Mechanism Discovered In Adult Stem Cell Regulation

This work has the potential to help scientists understand the nature of the messages that control stem cell regulation ¯ such as the message that maintain and tells a stem cell to specialize and to become part of an organ e.g.: liver or skin.

In recent years, planarians have been recognized as a great model system to molecularly dissect conserved stem cell regulatory mechanisms in vivo. Planarians have powerful regeneration capability that makes them ideal for studying this process. The Forsyth team uses planarians and other animal models to study development and regeneration.

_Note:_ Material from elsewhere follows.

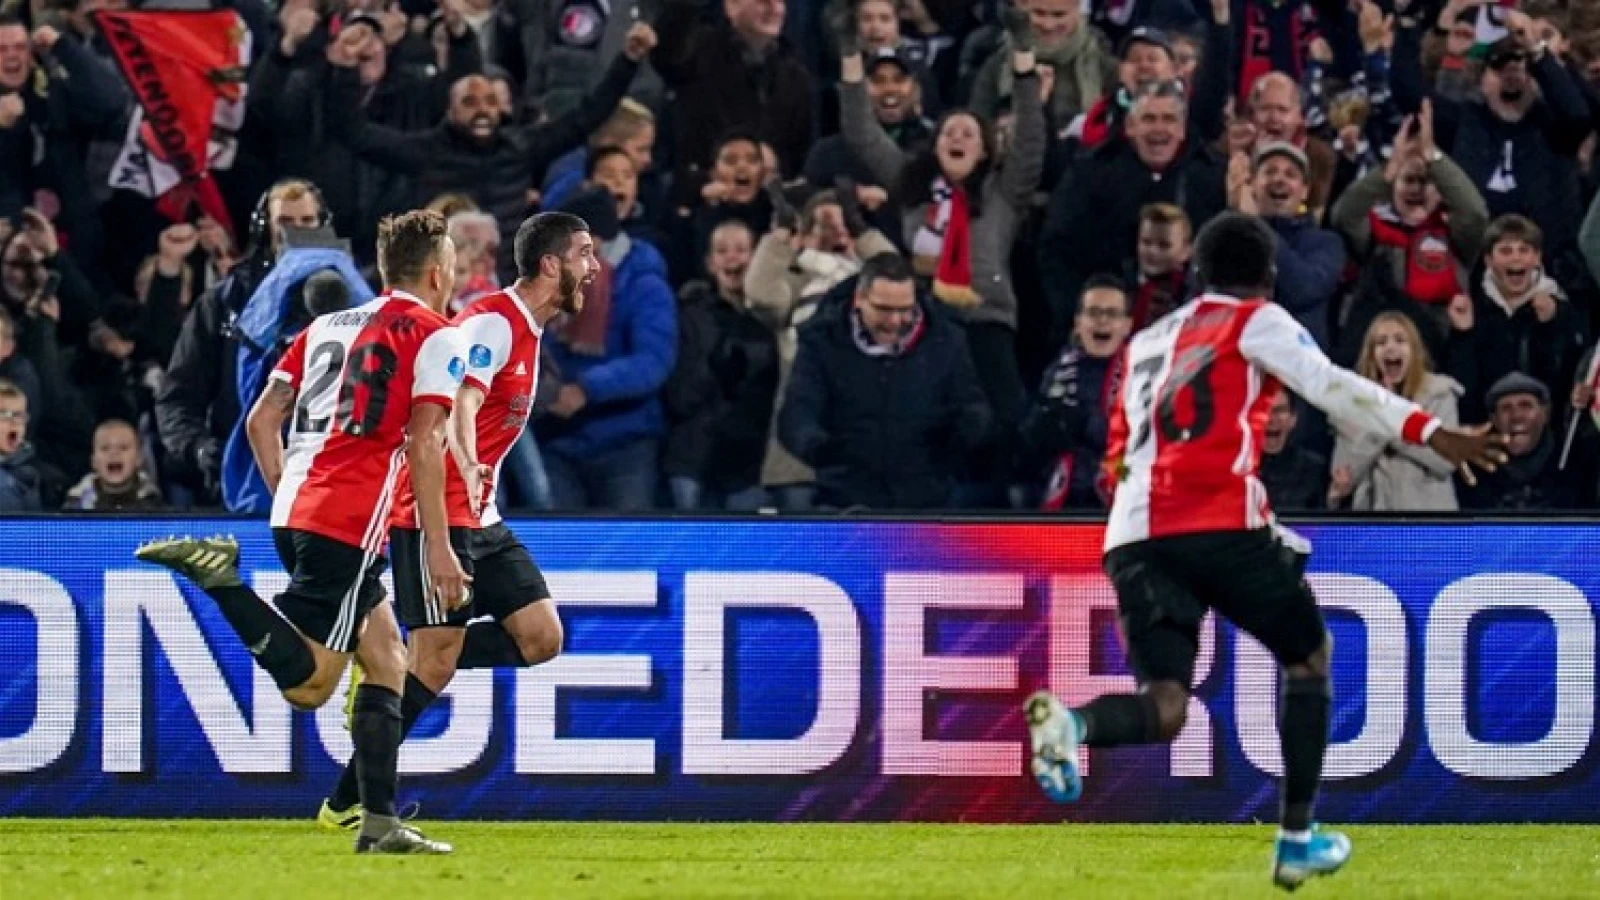 De kranten: 'Feyenoord ontsnapt aan een afgang tegen RKC'

The Forsyth team will publish this research in the August 16 issue of Development. According to the paper's lead author, Néstor J. Oviedo, a postdoctoral fellow in the Forsyth Center for Regenerative and Developmental Biology, this work, highlighting the importance of direct cell-cell transfer of small molecules between stem cells and their neighbors, provides an important roadmap for learning about regeneration.

He said, "These findings suggest that similar mechanisms may be extraordinarily relevant for controlling the behavior of migratory, plastic cells. Further analysis in both planarians and in vertebrates will provide crucial opportunities for understanding what drives stem cell behavior and may help medical science identify novel therapeutic targets."

The Forsyth team previously found that communication through gap-junctions (microscopic tunnels directly linking neighboring cells) controls the left-right asymmetric positioning of the internal organs during embryonic development. In this study, they turned to the role of gap junctional signals as regulators of adult stem cells in repair of injury.

Drs. Oviedo and Levin focused on direct cell-cell transfer of small molecules and ions as crucial signals that determine behavior of adult stem cells in vivo. They showed that when one of many specific gap junction channel types was abolished, the adult stem cell pool disappeared along with the regenerative capabilities, suggesting that gap junction-permeable signals are necessary to maintain stem cell state and tissue regeneration. This research demonstrates a novel role for gap-junction proteins and suggest gap junction-mediated signaling as a new and tractable control point for adult, somatic cell regulation

Most recent work in the stem cell field has focused on the secreted protein factors that control embryonic stem cell differentiation. However, no specific gap junction protein had been functionally linked to adult/somatic stem cell behavior in vivo or to organ regeneration. This work demonstrates that gap junction channels providing direct cell-to-cell communication are a critical component for development and normal physiology.

The research team is led by Michael Levin, Ph.D., Associate Member of the Staff in The Forsyth Institute and the Director of the Forsyth Center for Regenerative and Developmental Biology. Through experimental approaches and mathematical modeling, Dr. Levin and his group examine the processes governing large-scale pattern formation and biological information storage during animal embryogenesis. The lab investigates mechanisms of signaling between cells and tissues that allow a living system to reliably generate and maintain a complex morphology. The Levin team studies these processes in the context of embryonic development and regeneration, with a particular focus on the biophysics of cell behavior.

This study was funding in part by grants from The National Science Foundation and National Institute of General Medical Sciences.